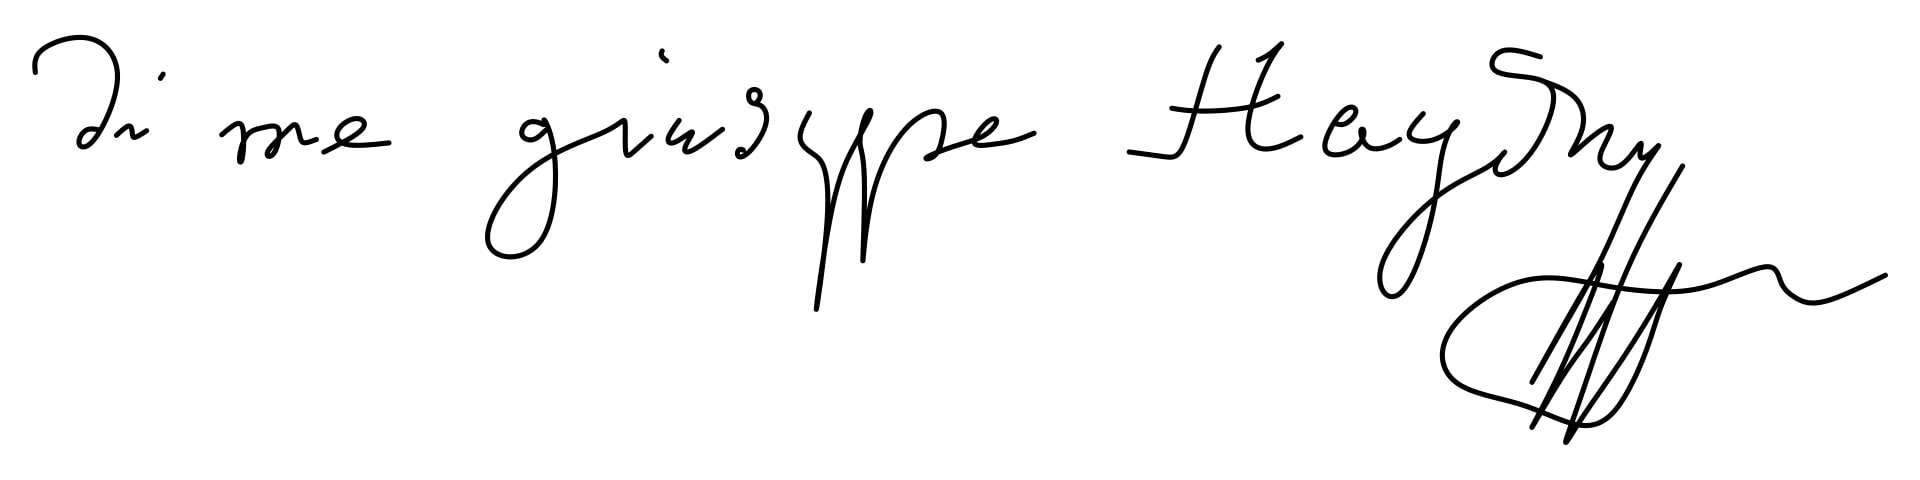 Joseph Haydn Signature
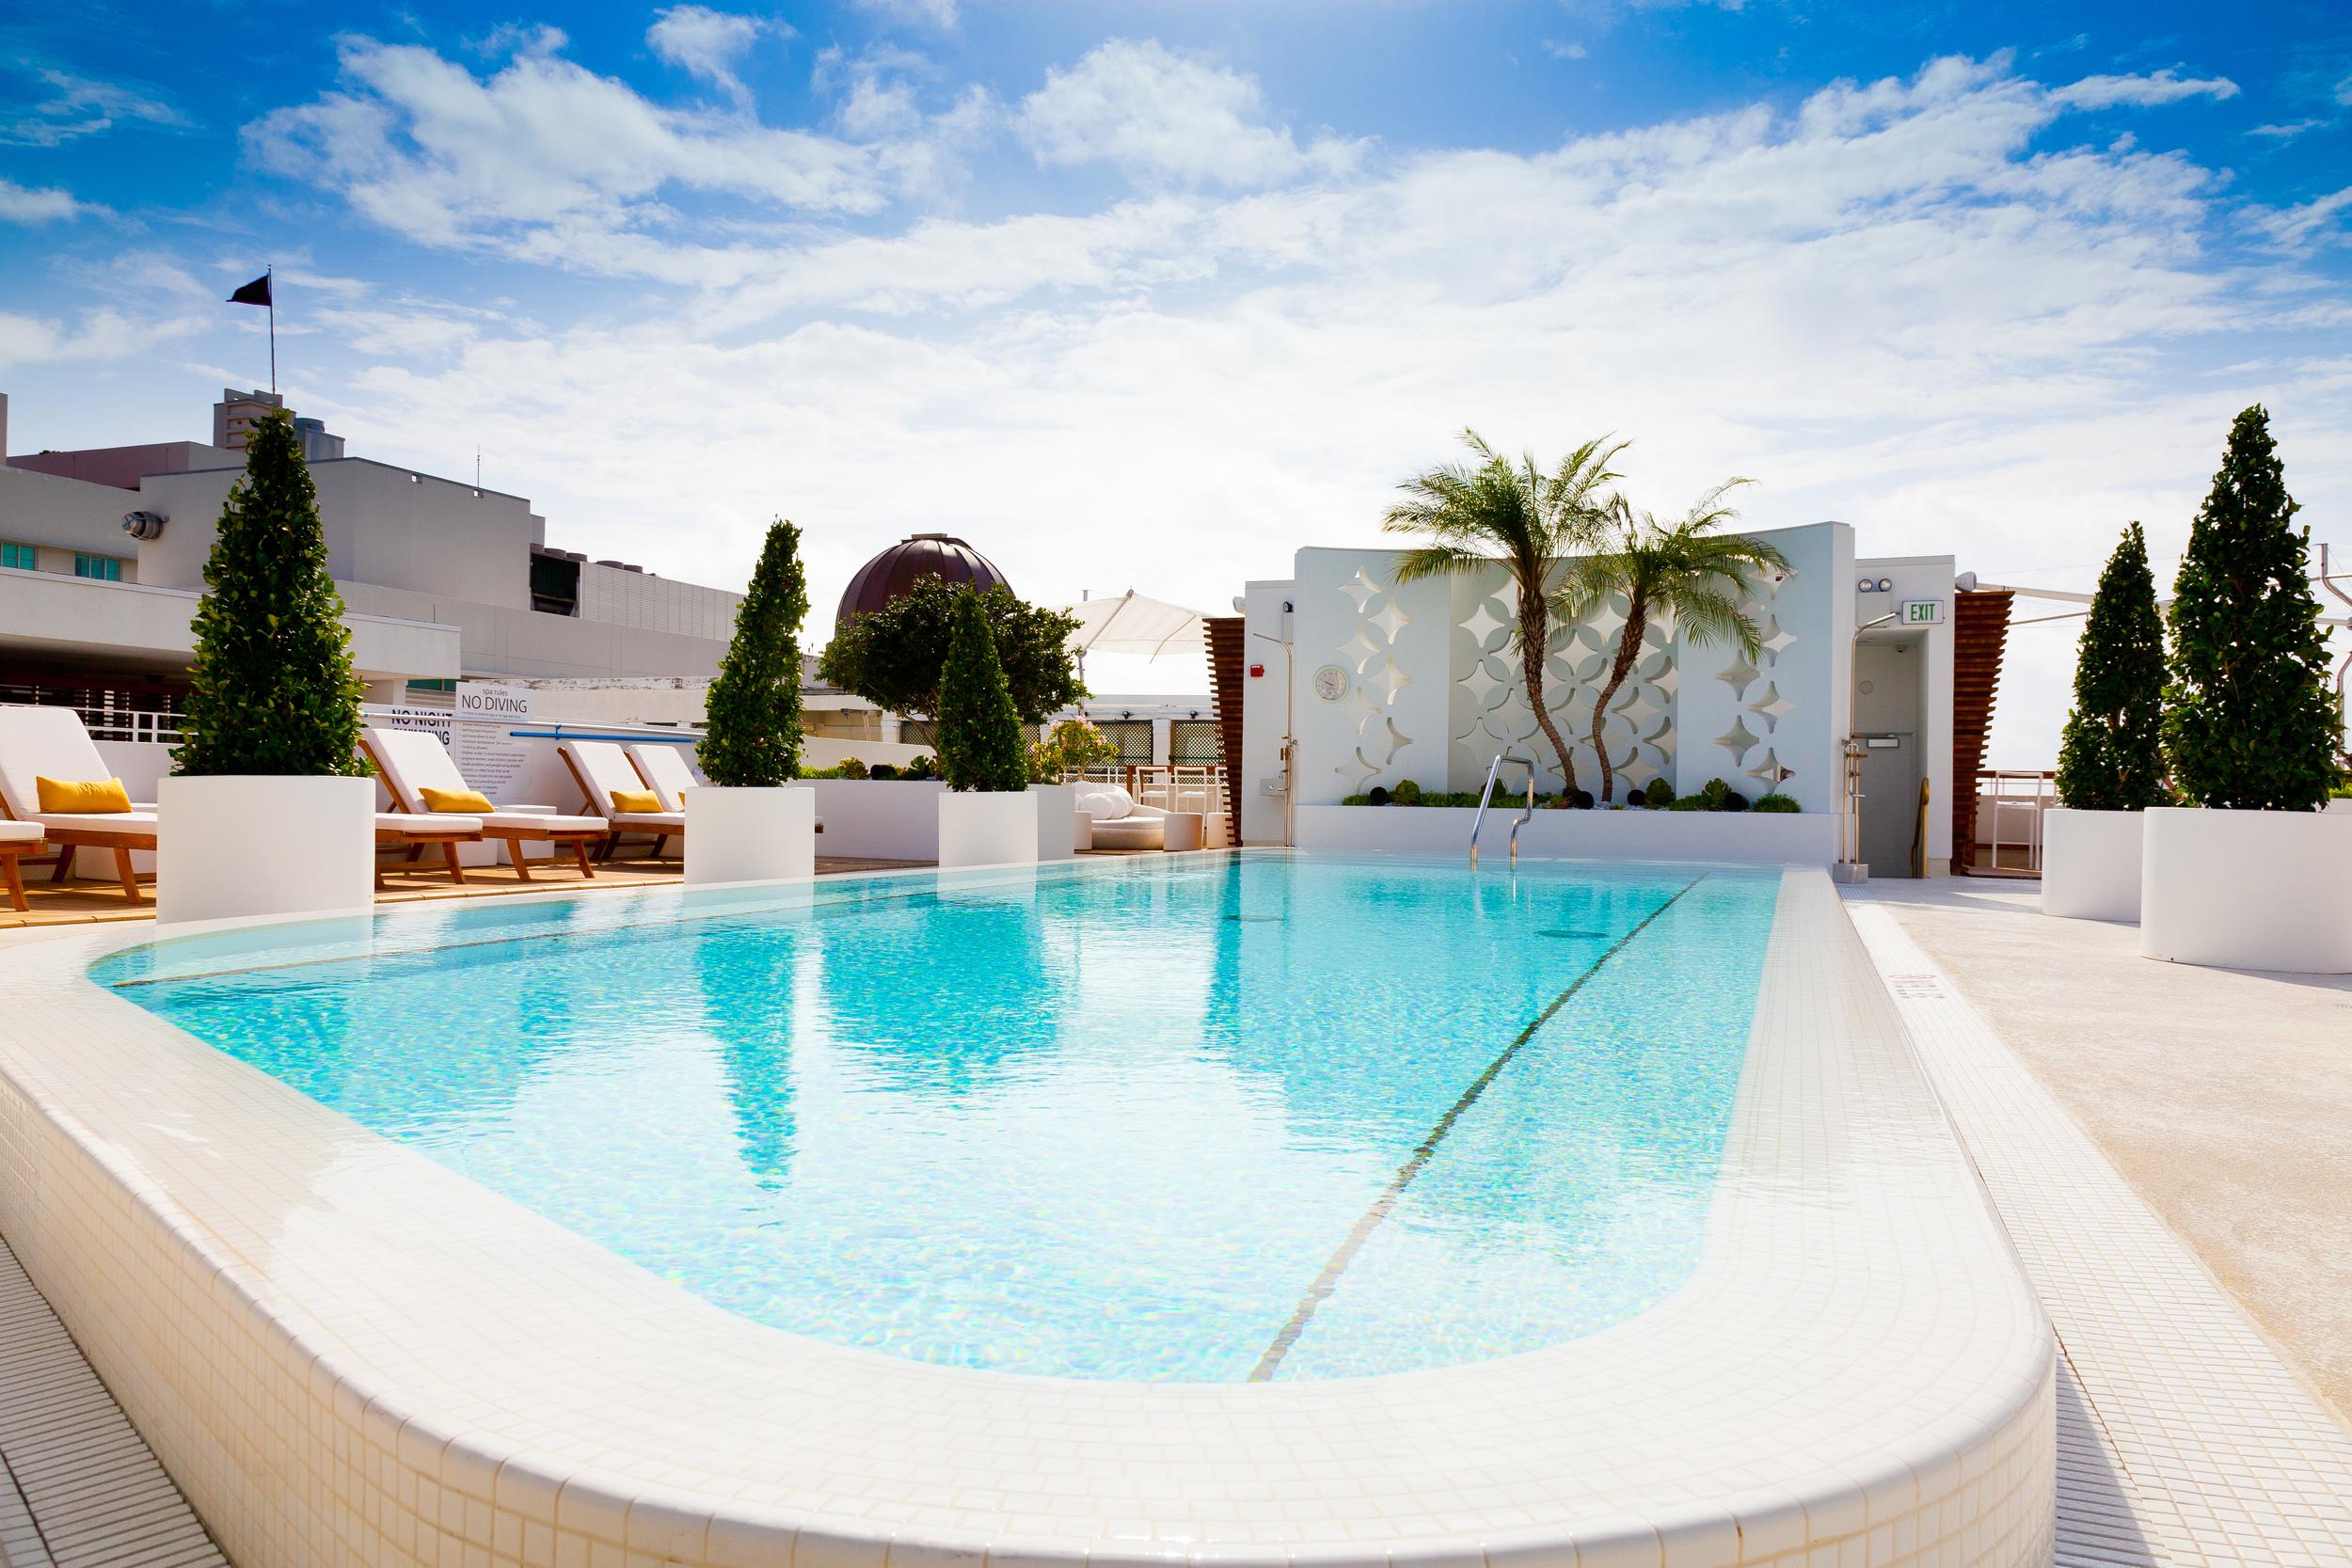 Tudor House @ Dream Hotel South Beach
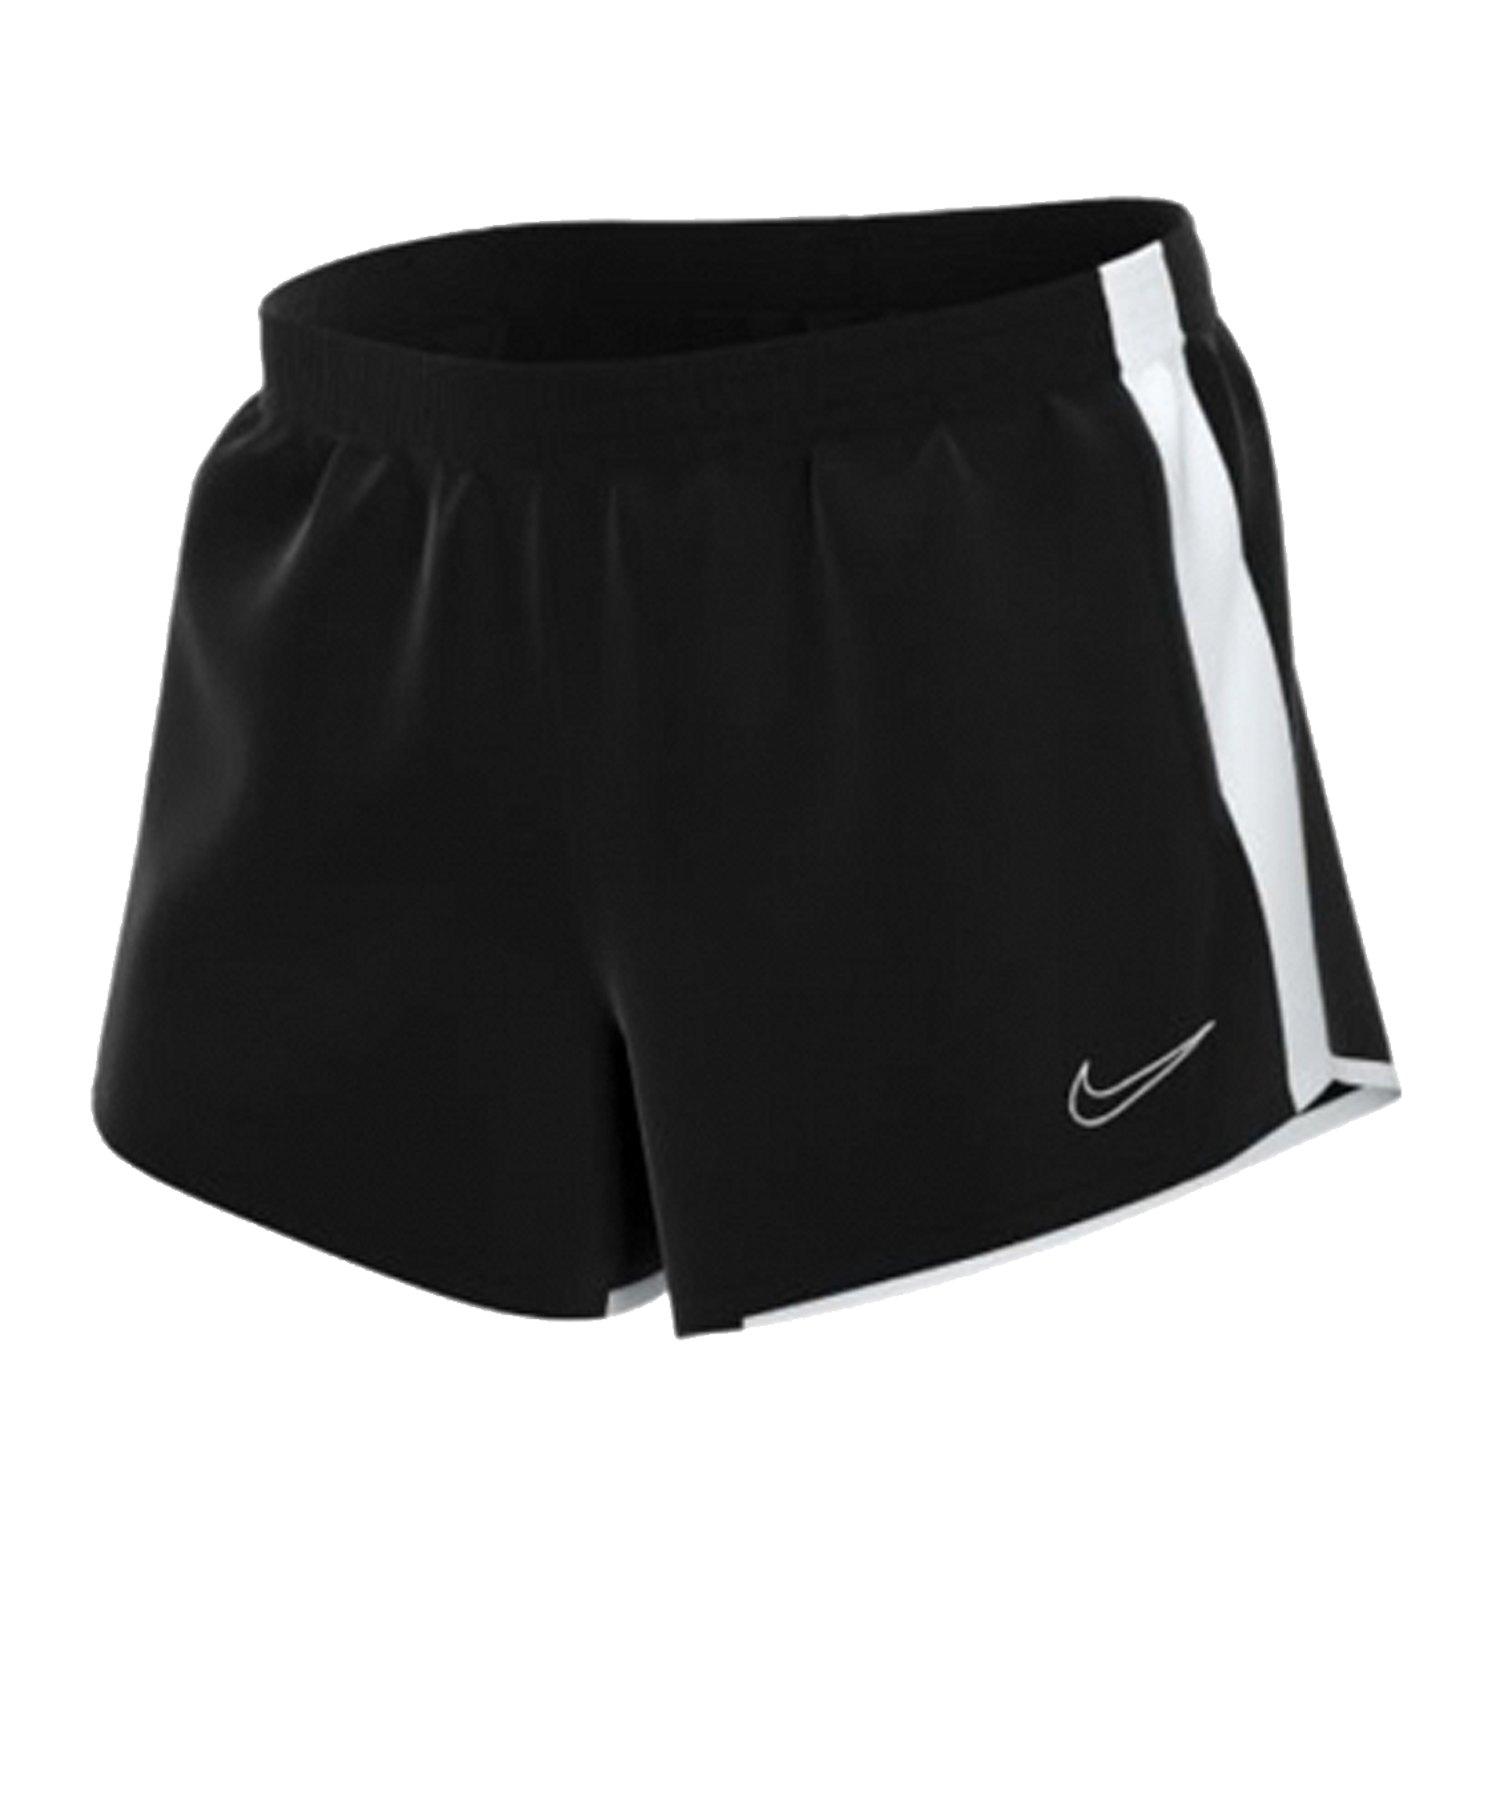 Nike Academy 19 Knit Short Damen F010 - schwarz

----

Reproduce the listing verbatim, pictures excluded.

 Joseph Haydn Signature
 Tudor House @ Dream Hotel South Beach
 Nike Academy 19 Knit Short Damen F010 - schwarz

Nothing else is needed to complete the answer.